Сотни ментов прогревали тут простуженные на постах уши, носы, сдавали кровь и мочу, открывали и закрывали больничные листы…
— Давай еще по глотку, — предложил Волоков.
— Узнаю работника Управления культуры!
Голицын привычно над ним подтрунивал.
Он не мог без смеха видеть выписанное Волокову удостоверение — «Инспектор по музеям и выставкам…»
— Исскуствовед! Знаток деревянного зодчества, блин…
В семье, где он сам вырос, — преподавателя одной из московских военных академий и завуча спецшколы — Волока подняли бы на смех.
— Самое большее, ты тянешь на мастера производствннного обучения ПТУ, Волок…
Волоков обижался:
— А кто ты? Недоучка-курсант Высшего политического училища. Комиссар… А я, не забывай: закончил заочно Академию Министерства внутренних дел СССР!
— Знаем вас: перед сессией собирали деньги для экзаменаторов!
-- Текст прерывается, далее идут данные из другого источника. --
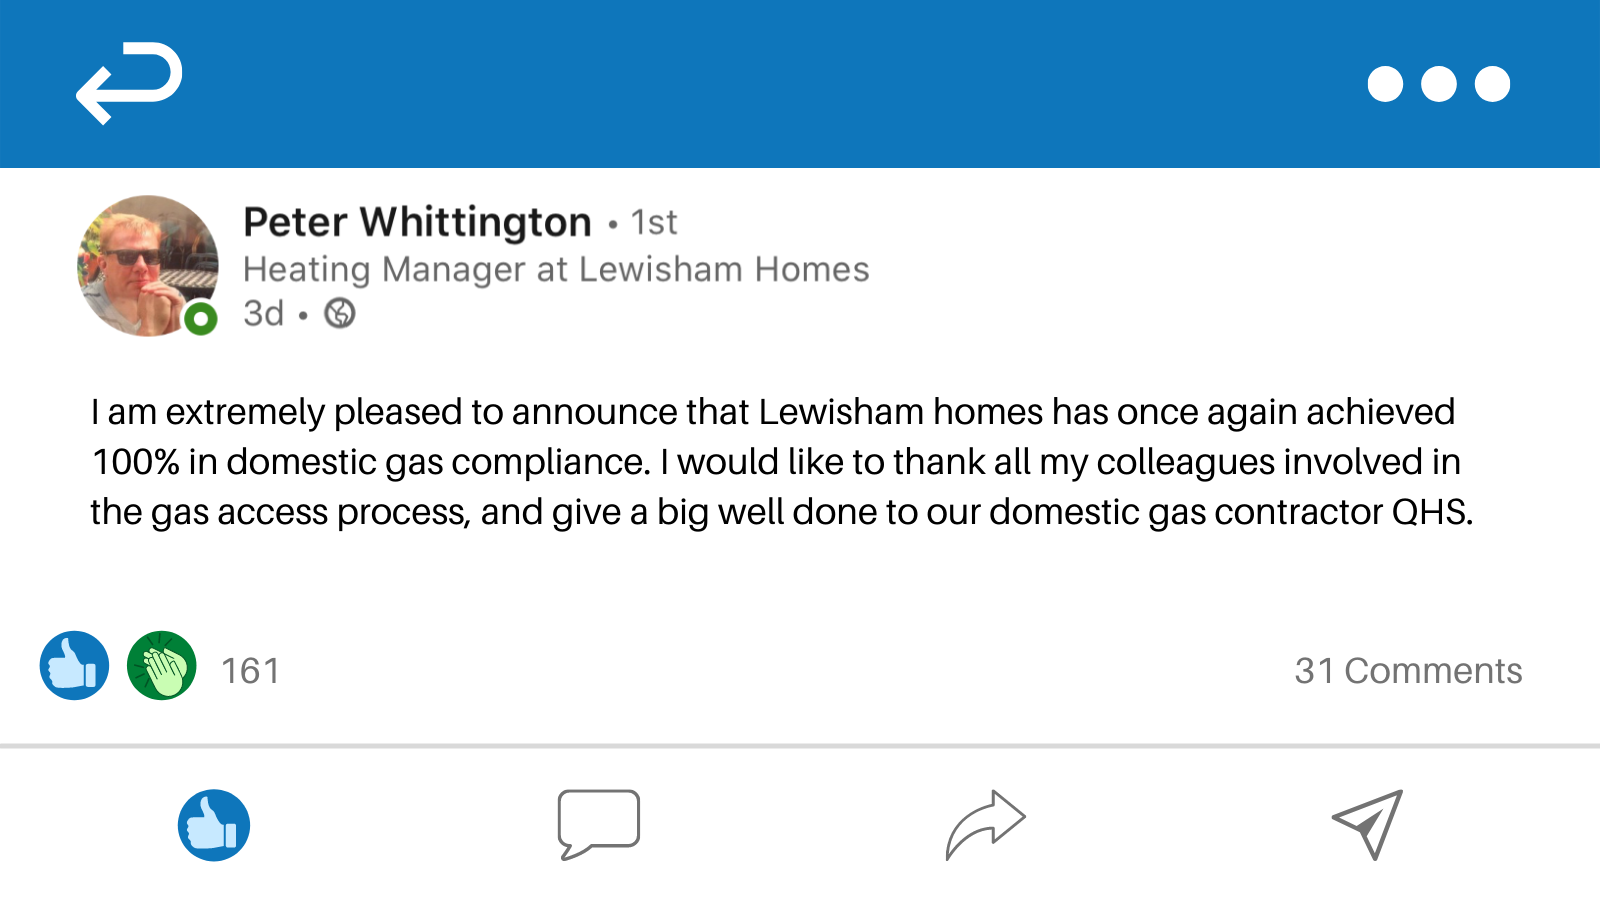 100% compliance achieved for Lewisham Homes

Ладно. Шучу, шучу!
Волоков был друг верный.
На следствии и, когда его судили, стоял насмерть.
Ни в чем не признался. Никого не сдал! Его бы на Доску Почета на Петровке!
А ведь жесткий тот допрос квартирного вора в ментовке начал не он, а Смердов! И врезал ему не Волок, а Смердов — ногой сзади по ребрам. Волок только значился по протоколу допрашивавшим…
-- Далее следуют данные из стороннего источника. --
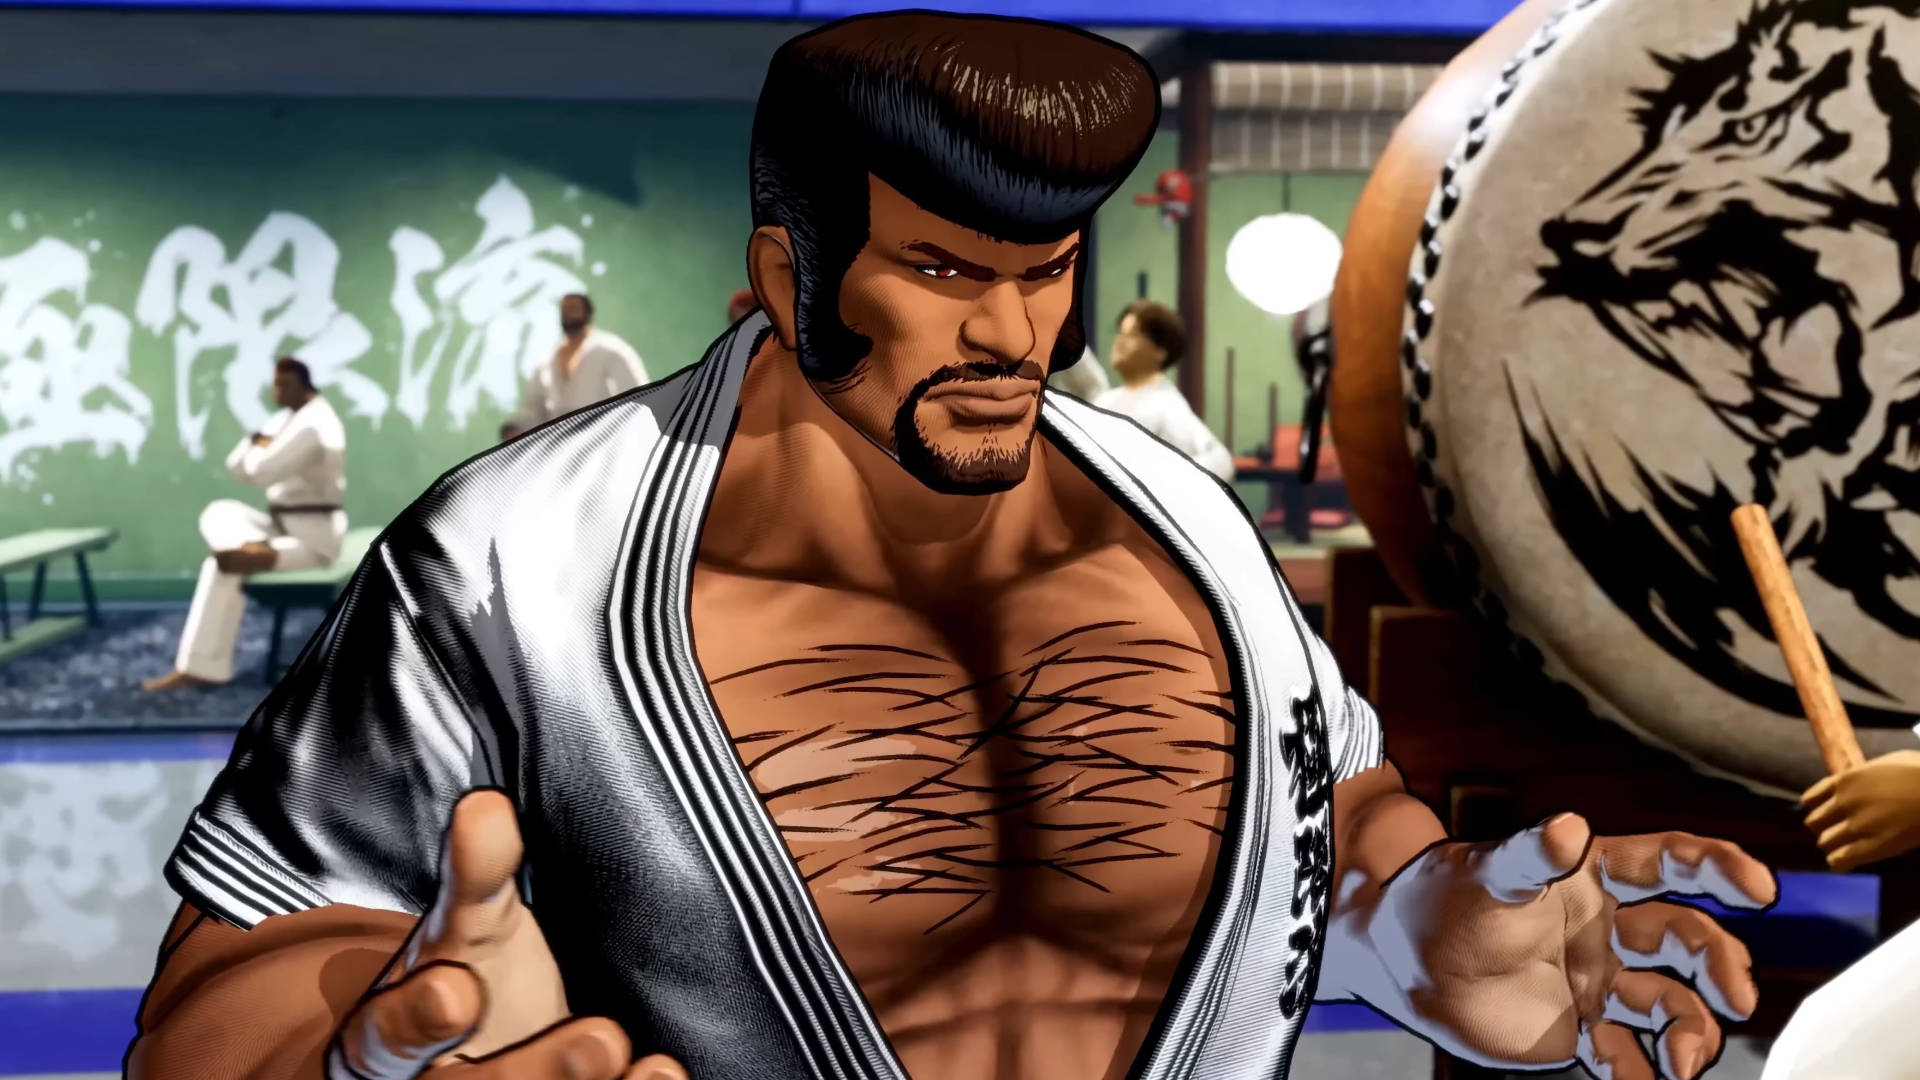 SNK: Neue Einblicke in Fatal Fury City of Wolves

А если учесть какая тогда обстановка была?!
Что ни день — по Москве квартирные кражи! И все в домах у столичной элиты, у номенклатуры. И все в Центре. На Александра Невского, Алексея Толстого, Большой Бронной…
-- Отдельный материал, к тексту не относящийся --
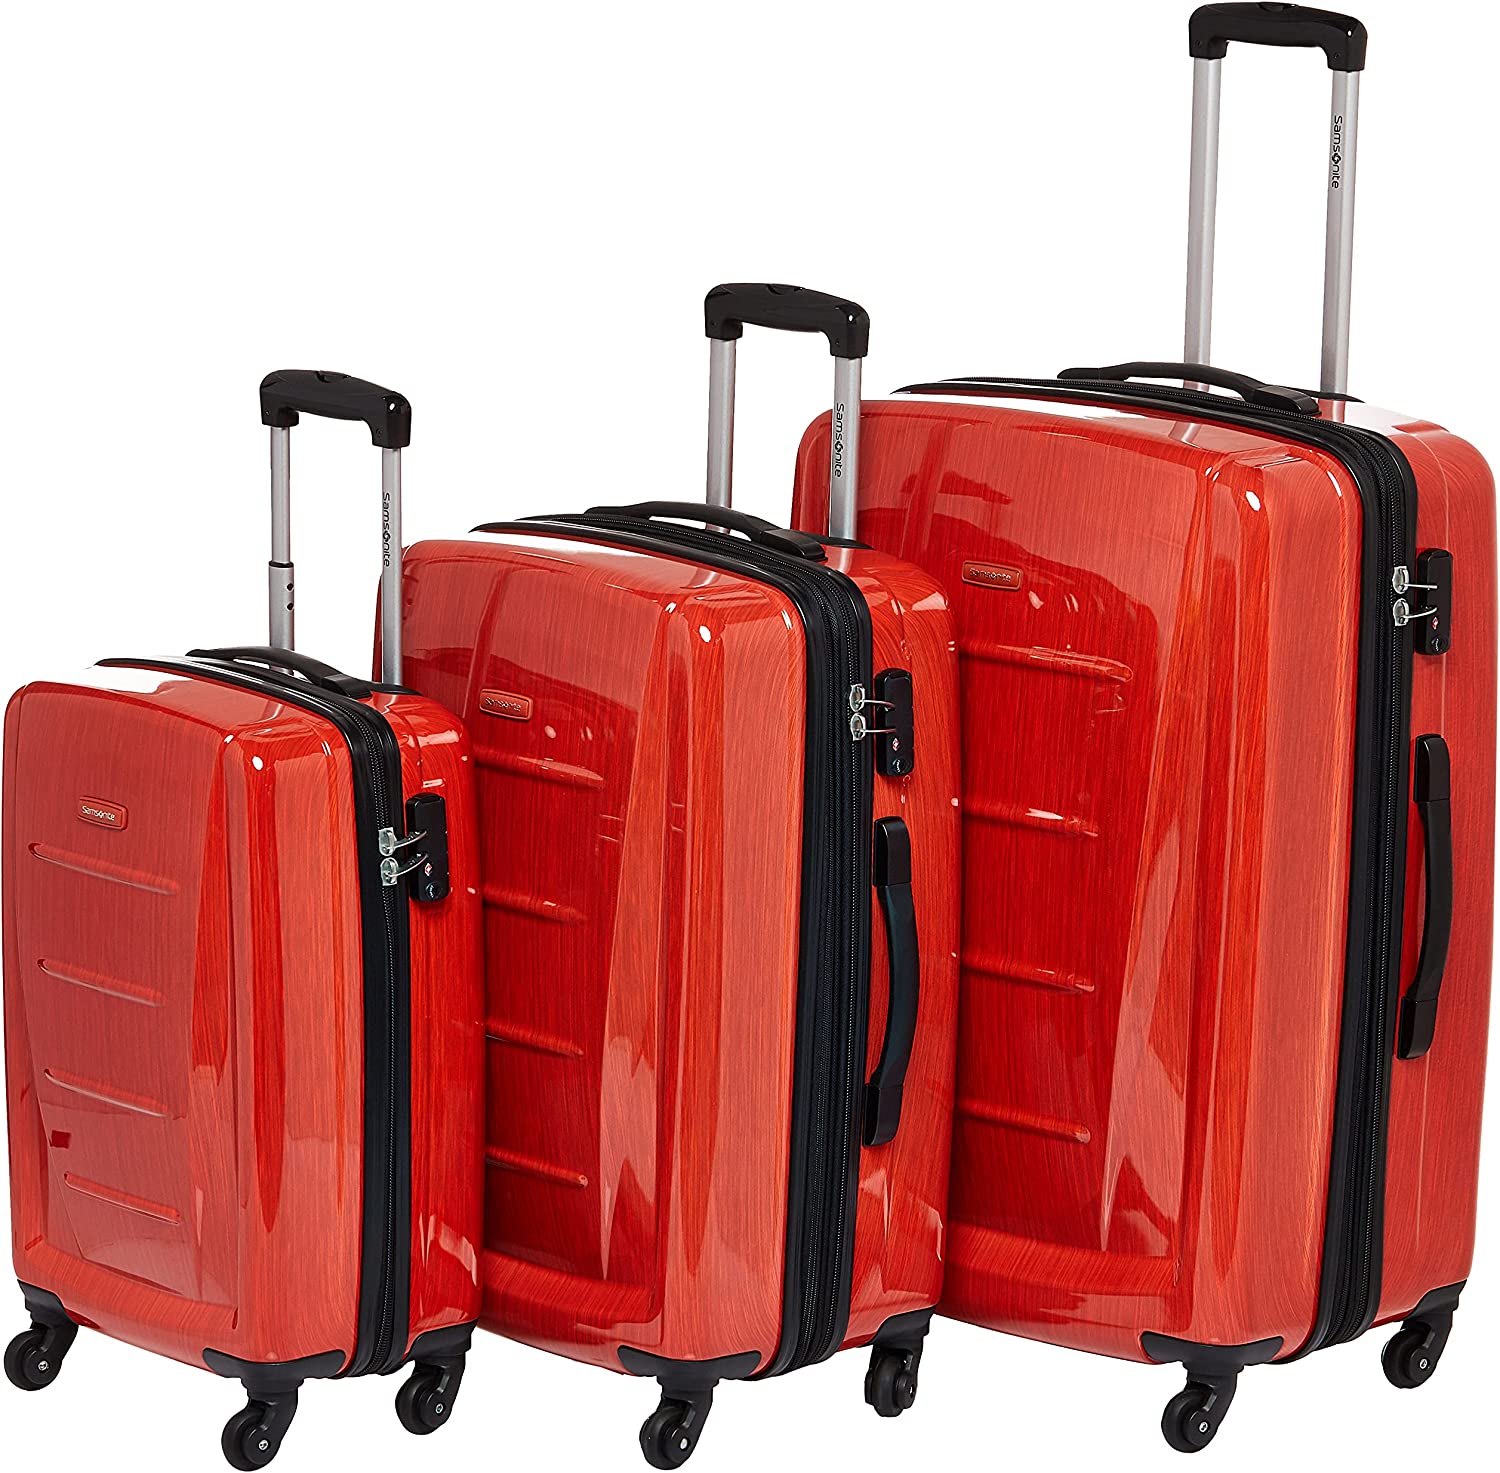 2 Hardside Luggage with Spinner Wheels 3-Piece Set

Потом наступила очередь 33-его отделения…
Обворовали нового завотдела аппарата ЦК, он только что переехал в Москву из Ставрополя. Только начал обустраиваться. Из квартиры вывезли все ценное вплоть до ковров. Аппаратчик побежал жаловаться землякам, на самый верх…
Из Административного отдела немедленно поступила команда — «раскрыть любой ценой!» В городском комитете партии рвали и метали… Милицейский Главк то умолял, то приказывал:
«Делайте все, братцы!»
Улещивали и грозили! Могли полететь головы и папахи…
А тут задержанный вор. И ничем не прикрытая наглость. И данные снизу: «он!»
Допрос был жесткий.
В результате домушника раскололи на две дюжины краж.
Вор выдал скупщиков краденного, ямы. Сообщника. Из тайников неделю в отделение перевозили ворованное — электронику, ковры, дубленки…
Аппаратчику вернули почти все. Потом стали возвращать имущество другим потерпевшим. Милицейский Главк короткое время ходил в героях на зависть прокуратуре.
Потом началось. Городская прокуратура приняла дело в производство, и домушник начал давать развернутые показания на ментов. Аппаратчик из ЦК не помог, уехал в команндировку.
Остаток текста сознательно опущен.